Спать я пошла не сразу. поднявшись на второй этаж, прошла мимо гостевой в которой уже заливисто храпел Пашка, миновала спальню матушки и уперлась в конец коридора по обе стороны от которого были две двери. Слева моя комната, справа брата. Немного помявшись возле дверей своей детской, я на пятках развернулась и открыла соседнюю дверь, осторожно заглядывая в слабо освещенную комнату.
Артур старше меня на четыре года. В восемнадцать лет наш отец сломил его разум. От него осталась лишь пустая оболочка. Только безвольное тело. Он на условных рефлексах реагировал на свет, боль, тепло или холод, проживая жизнь овоща. От моего брата лишь осталась его бледная тень, менялось лишь его тело.
– Привет. – не знаю зачем я с ним здороваюсь, но давящая тишина сводила с ума.
Его комната не менялась уже много лет. Матушка во время своих просветов была твердо уверена что когда Артур вернется ему нужно будет видеть привычную обстановку. Даже книжки, которые он так любил, были разбросаны в том же самом беспорядке что и много лет назад. Я подошла к его кровати, медленно опустилась на рядом стоящее кресло. Он лежал, вытянув руки поверх одеяла и бесцельно смотрел в одну точку на потолке. Темные волосы, ниже плеч разметались по подушке. Одна же прядка упала ему на лоб.
– Прости, что не приезжала, – к собственному удивлению начала я и мой голос мне показался таким громким в этой оглушающей тишине.
На прикроватной тумбочке лежала раскрытая книга, обложкой вверх.
– Снова читаешь Дон Кихота? Ты в детстве часто читал мне его. Помнишь, когда я была маленькой ты читал мне вслух? Конечно же, помнишь.
Слезы сами собой побежали из глаз. Я поднялась на стуле, склонилась над братом и, убрав с лица прядку волос и осторожно заправив ее ему за ухо, ласково поцеловала его в лоб. От моего прикосновения он вздрогнул и на какое – то мгновенье мне показалось что на самом деле он в сознании и все слышит, но глаза его оставались неподвижны. Тело почувствовало прикосновение только и всего.
Я вернулась назад в кресло, взяла с тумбы книжку, вглядываясь в текст.
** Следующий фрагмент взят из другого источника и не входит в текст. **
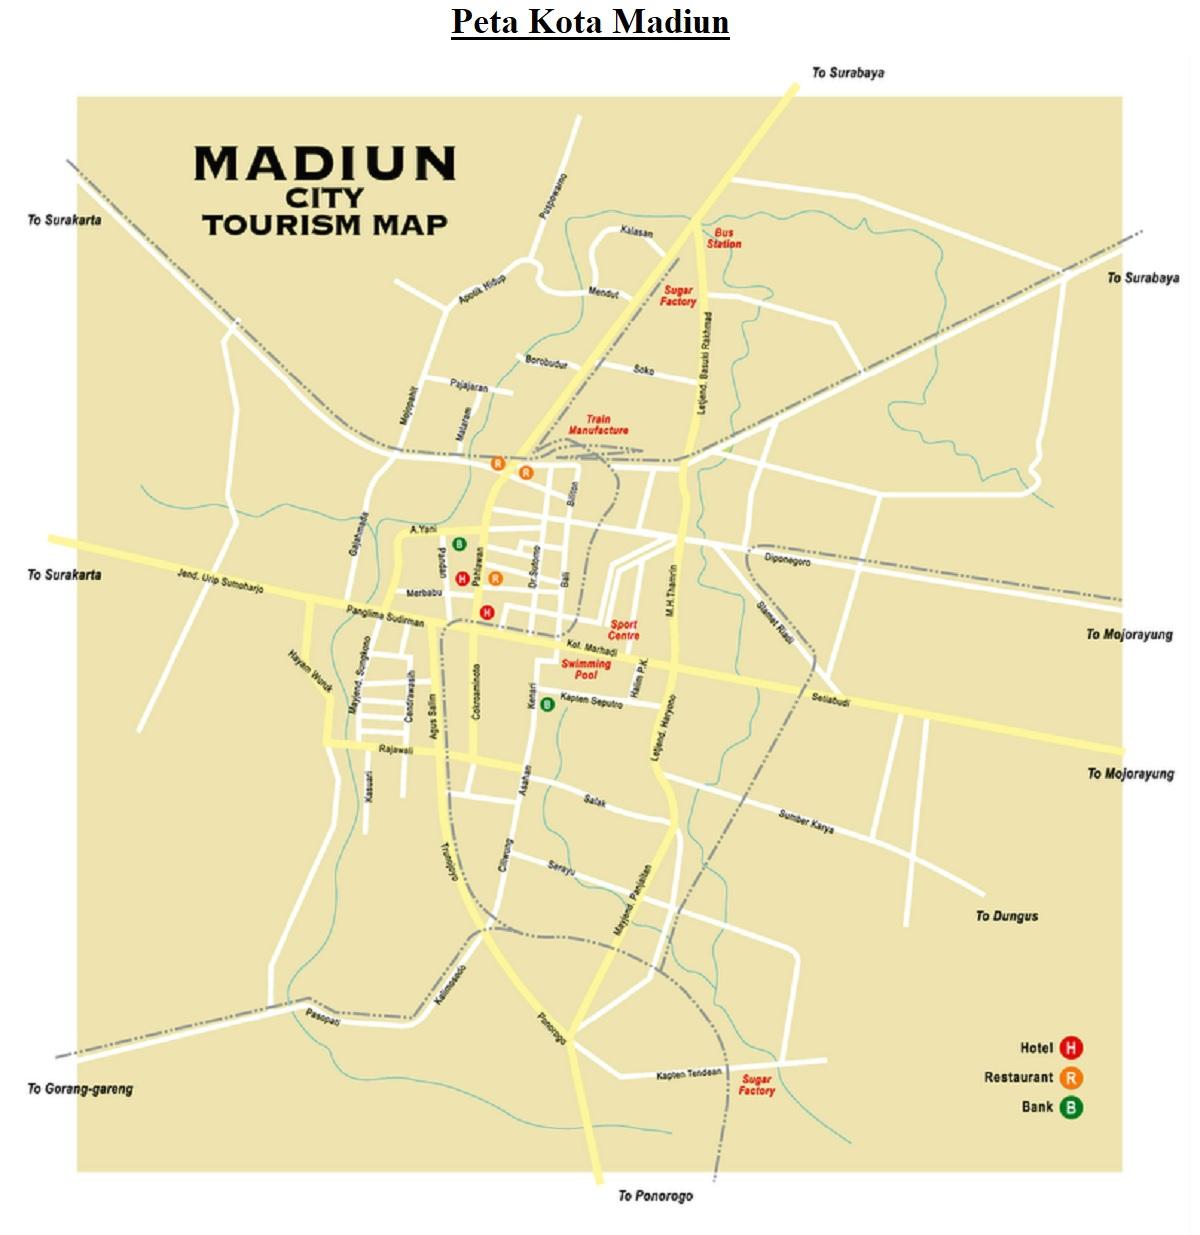 Peta Kota Madiun

– Не против если и я тебе немного почитаю? – в полумраке мне показалось что его веки слегка дрогнули и я медленно вгляделась в текст. Мой хриплый голос был непривычным для меня, но тишина сводила с ума и поэтому я начала читать:
…– Ну, хорошо, – сказал Дон Кихот, – я полагаюсь на твою любовь ко мне и благородство. Знай же, что этой ночью со мной случилось одно из самых удивительных приключений, какими я могу похвалиться. Короче говоря, ко мне только что приходила дочь владельца этого замка, самая очаровательная девица в целом свете. Как описать тебе ее наряд, или остроту ее ума, или другие прелести, о которых мне повелевает умолчать верность госпоже моей Дульсинее Тобосской? Скажу лишь одно: либо небо позавидовало моему счастью, либо, что, пожалуй, будет вернее, этот замок очарован. Ибо, в то время как я вел с ней нежнейшую беседу, невидимая рука какого – то чудовищного великана размахнулась и нанесла мне такой удар по челюсти, что у меня и посейчас весь рот в крови, а после так избила меня, что мне теперь куда хуже, чем было вчера, после дубин погонщиков. Все это наводит меня на мысль, что красоту этой девушки охраняет какой – нибудь очарованный мавр и что она создана не для меня…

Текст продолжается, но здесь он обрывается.